Accordingly the Traverse Elite is a blend of materials and influences from Saracens in the range. There’s a pinch of Saracen Myst downhill bike in the linkage-driven suspension, a hint of the Saracen Ariel LT’s attitude and a pared-back, shorter travel interpretation of the Saracen Kili Flyer’s all-mountain ambitions. It all comes ready to rip with on-trend angles, Boost hubs, a short stem, wide, low-rise handlebars and a dropper post.
Priced at £2,999.99 the considered spec has Shimano SLX foundations, garnished with an 11-speed XT mech. Rivals like the £2,750 Specialized Stumpjumper Comp 29 offer more travel and 12-speed SRAM, the £2,499 Giant Trance 29 2 closer in spirit and also benefiting from Eagle’s extra ratio. A part-carbon frame explains some of the premium but, with ground to make up on price, spec and cachet, Saracen needs to come out fighting.
Punchy brochure shots of it bagging some serious airtime on the Woburn trails are a suitably bold statement of intent.
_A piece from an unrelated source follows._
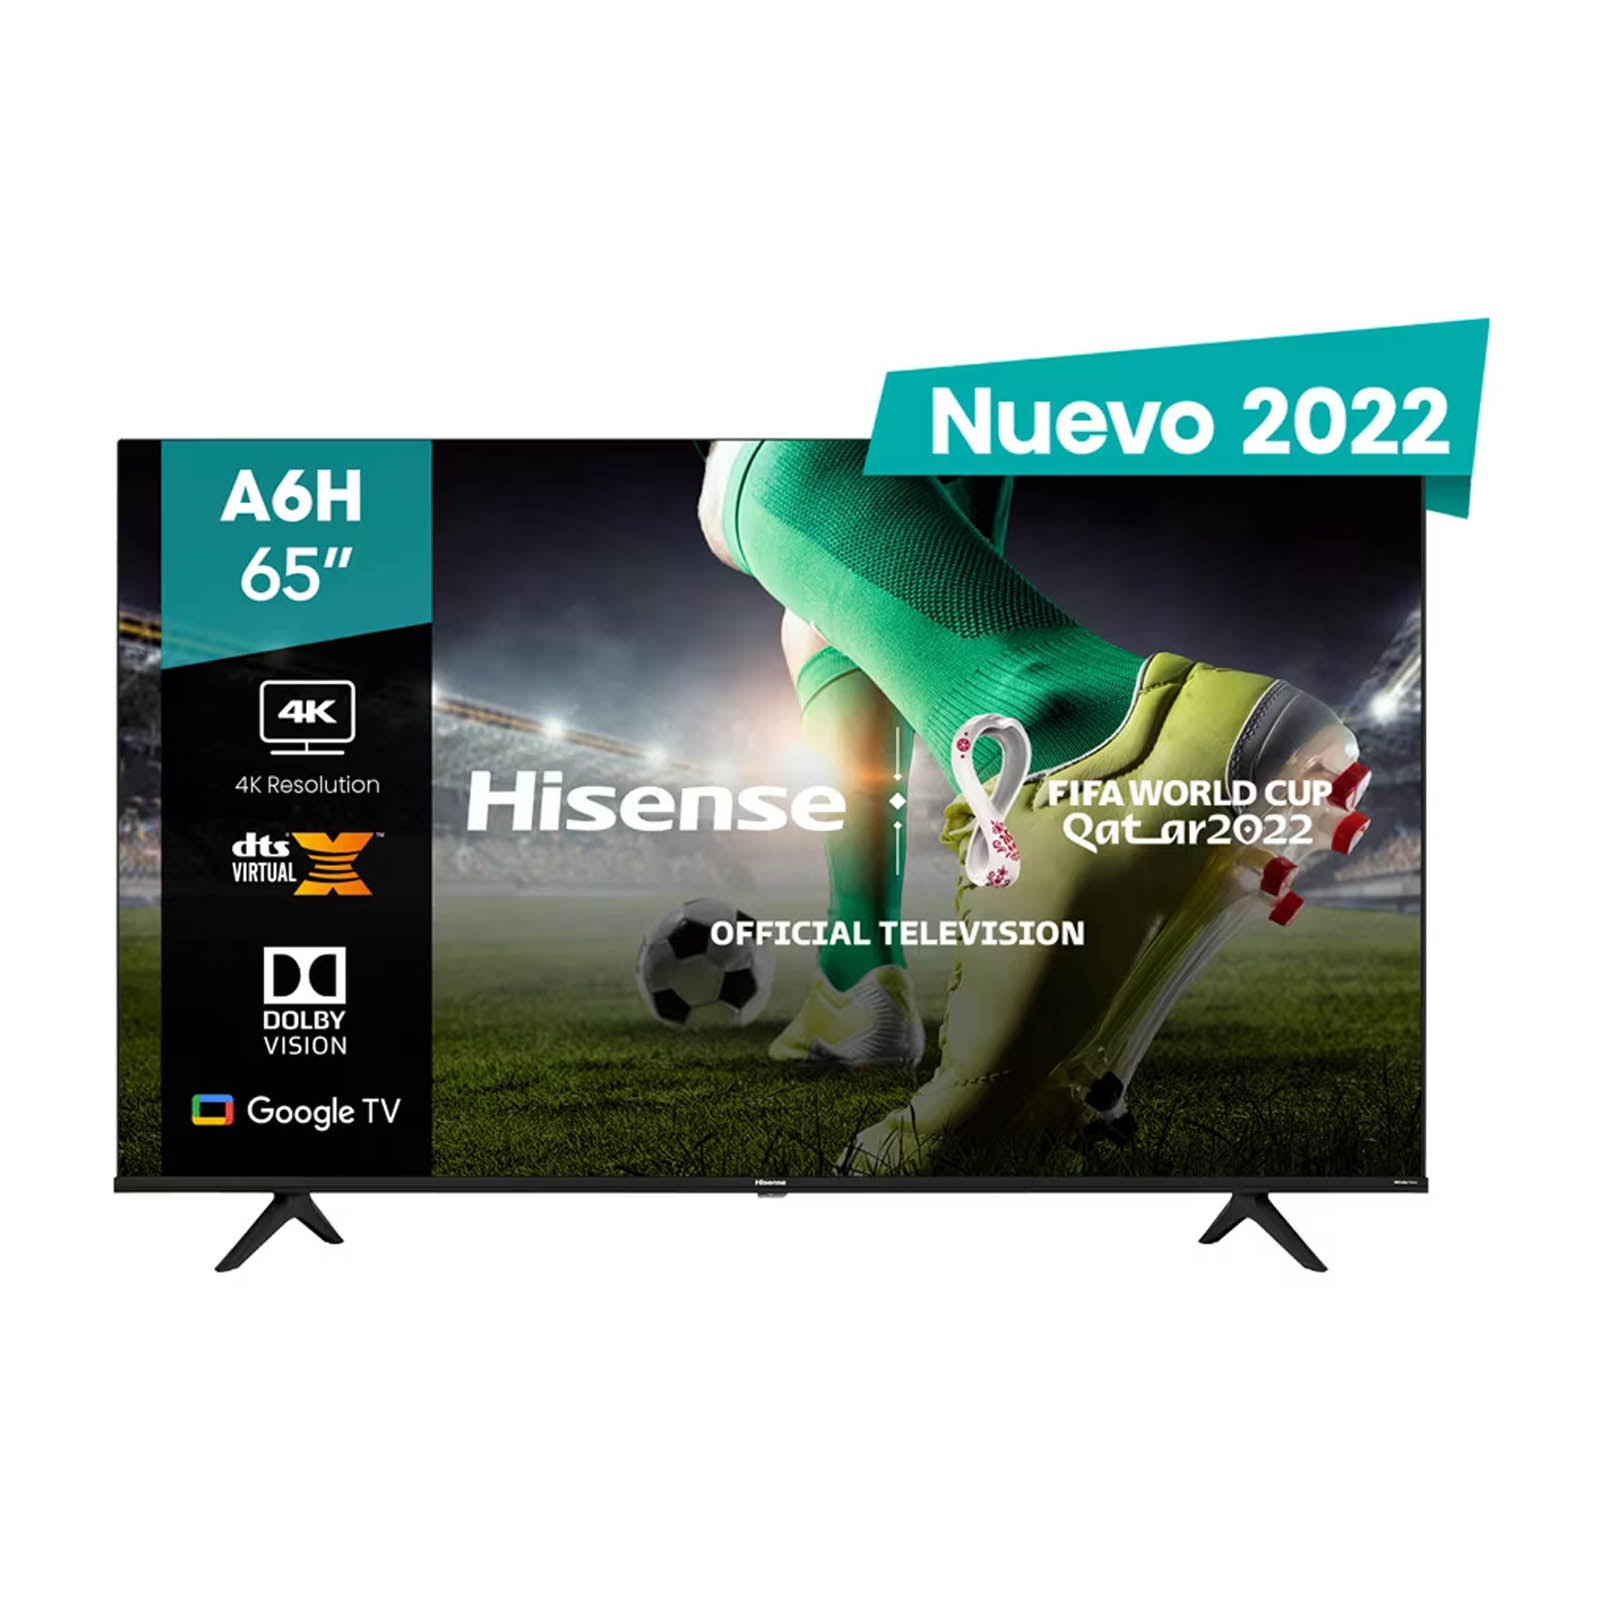 Pantalla 65 Pulgadas Hisense LED Google TV 4K Ultra HD 65A6H – MegaAudio
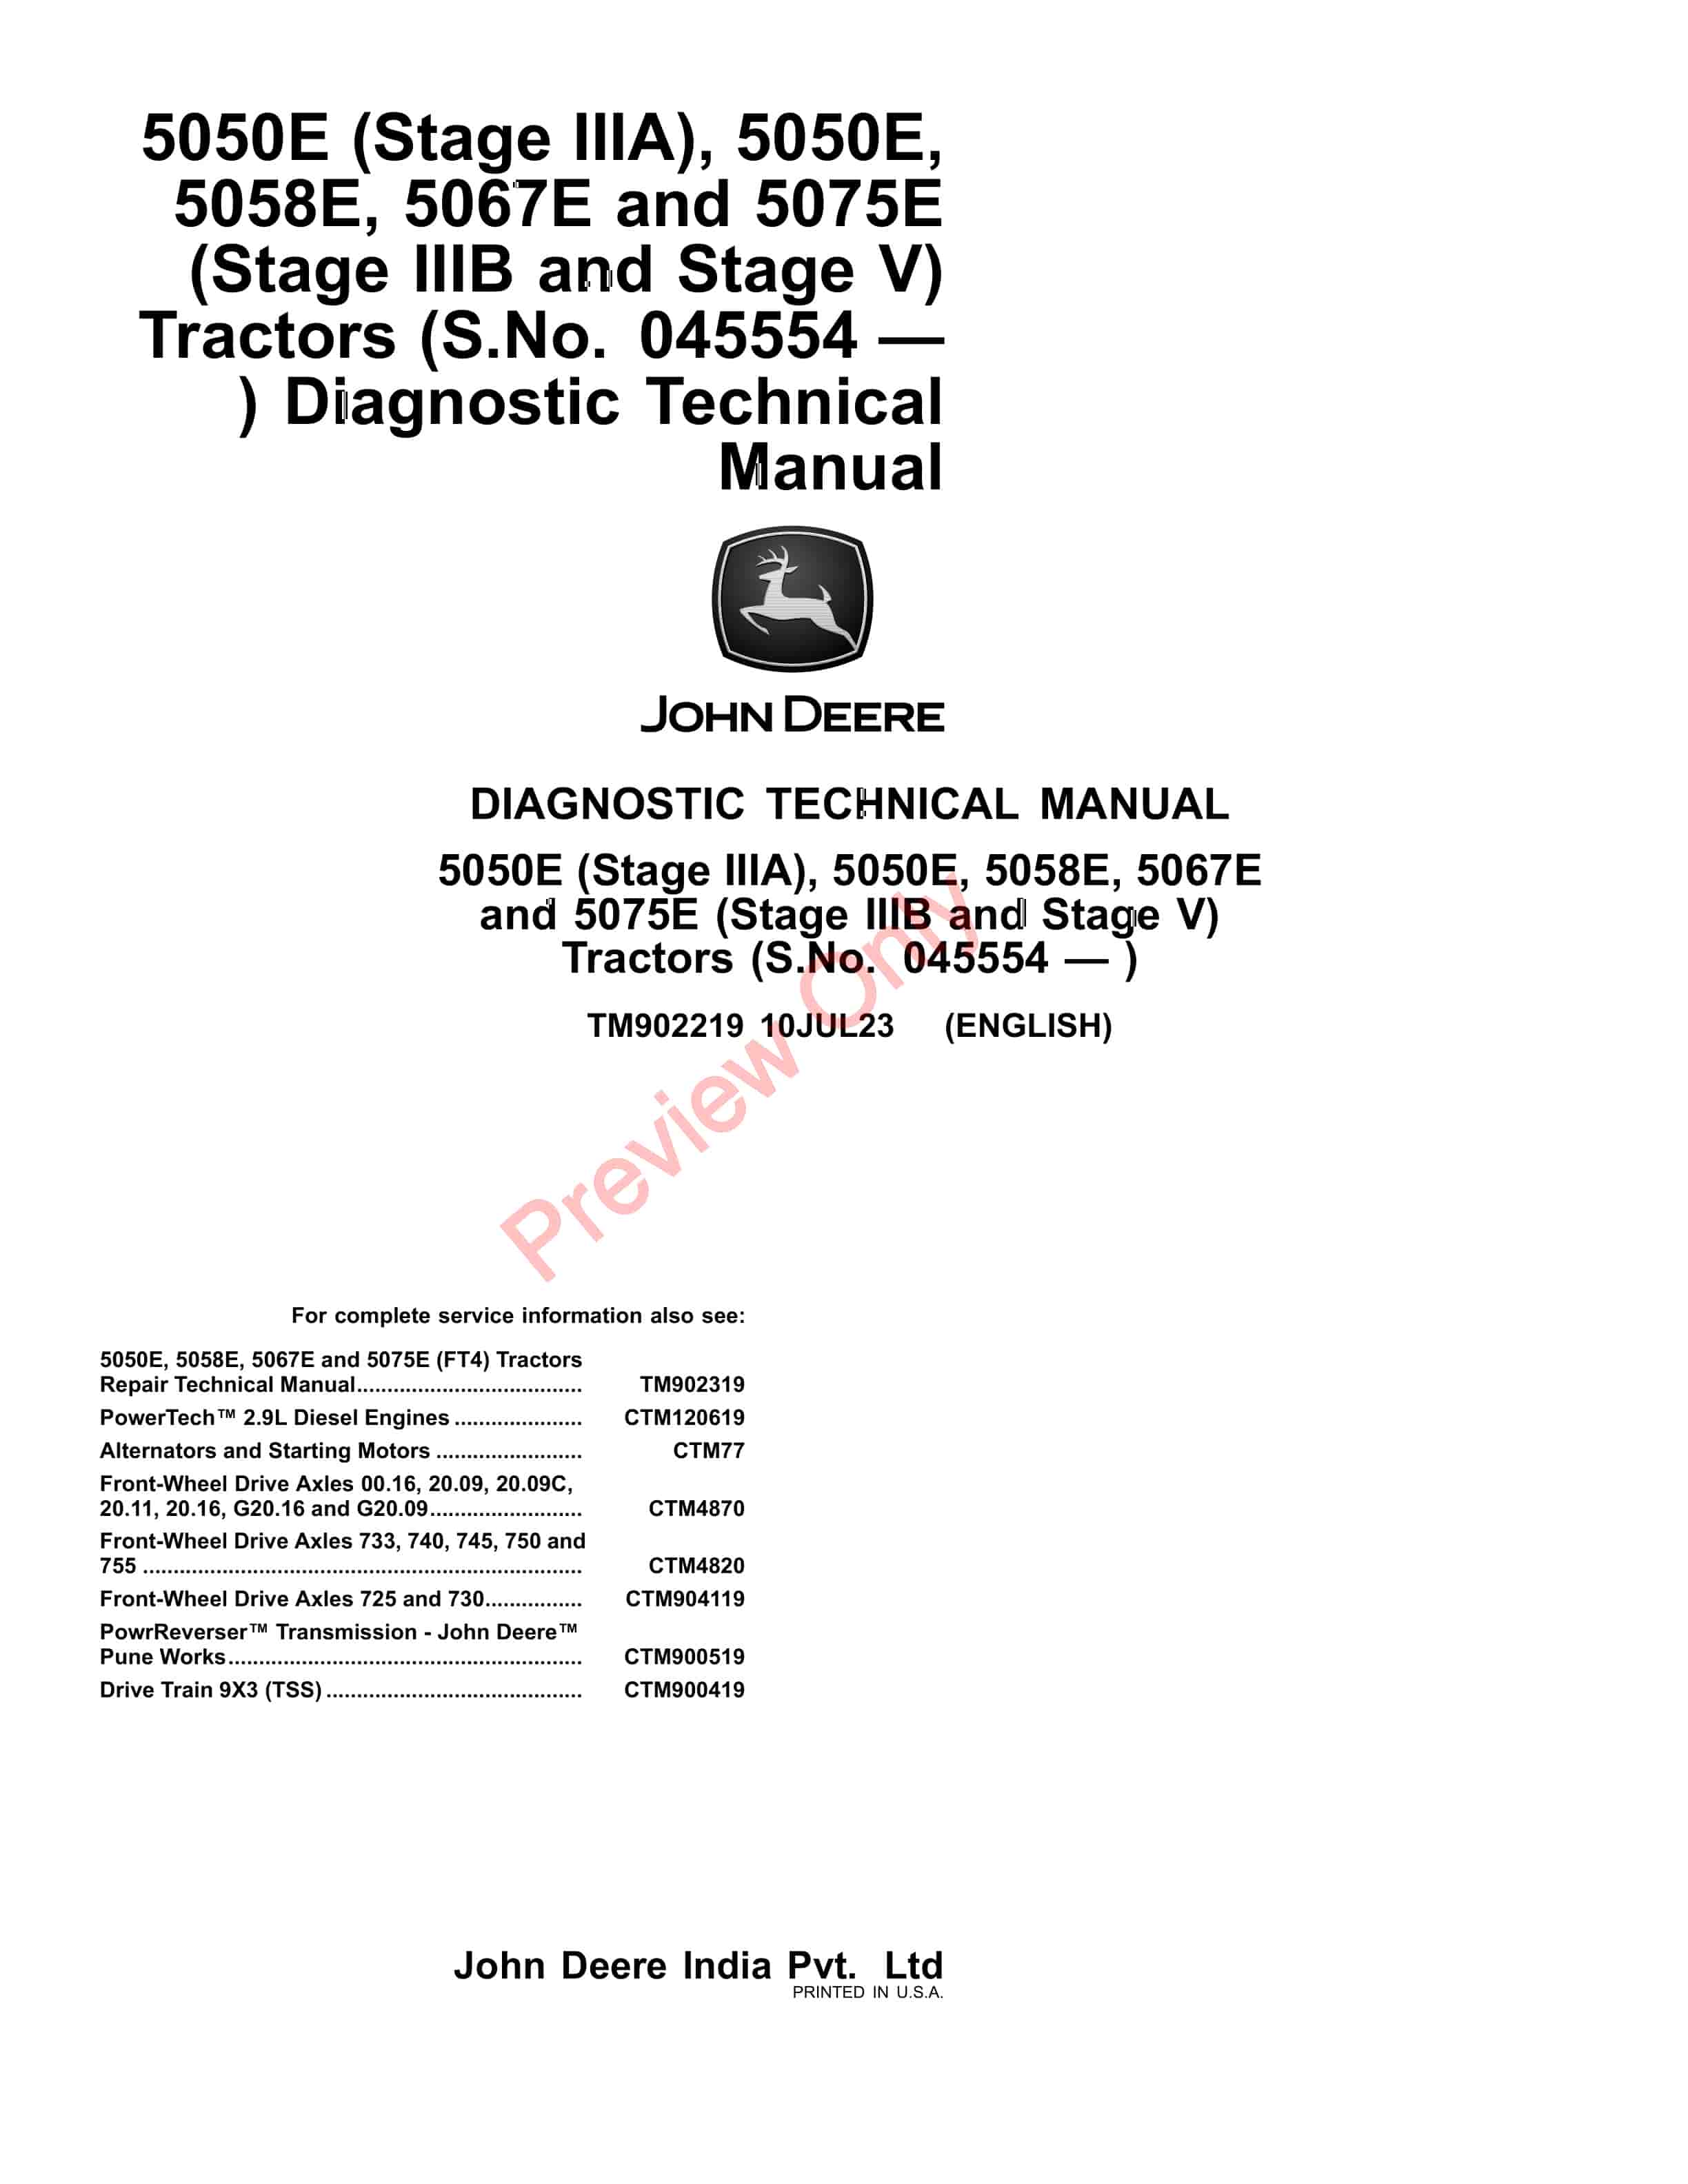 John Deere 5050E (Stage IIIA), 5050E, 5058E, 5067E and 5075E (Stage IIIB and Stage V) Tractors (045554 Diagnostic Technical Manual TM902219 10JUL23-1

But it’s fair to say this bike feels built for a more wheels-on-the-ground crowd, hunting trail centre KoMs on both climbs and descents.
You sense that from the choice of fast-rolling Maxxis Forekasters, where many rivals ship with chunkier rubber as standard. It’s a tyre-swap away from bolder ambitions but, out of the box, the Traverse is clearly intended to work best on groomed trails. Size-wise the Large we tested measured up a little short; even those under six foot might want to consider XL where angles, wheelbase, reach and front-centre are comparable with Larges in those equivalents from Giant and Specialized and similarly-pitched (but considerably more expensive) Orange Stage Four Pro. With standover to spare going a size up shouldn’t be a problem for most riders.
Fundamentally though the Traverse feels well sorted, the bars feeling wider their 760mm measurement suggests while a short stem and slack head angle for a bike of this travel shout intentions beyond pure XC. The character of that rear suspension is, unsurprisingly, less about swallowing the bumps and more about taking the edge off them. So the Traverse rockets out of the blocks like a carbon hardtail and then uses the natural flex engineered into the stays and a progressive shock tune to help fire you off rocks and roots for even more speed. That nature can sometimes bite you on really rowdy terrain. But the confidence-inspiring geometry sees you through and the Traverse feels fast everywhere.
If you want a comfy perch for sitting and spinning the Traverse isn’t for you but if you’re willing to work with it and use that return energy and big-wheeled momentum for free speed it’s a hoot, the Saracen ready to respond to fast and aggressive riders capable of looking beyond suspension travel as a measure of thrills.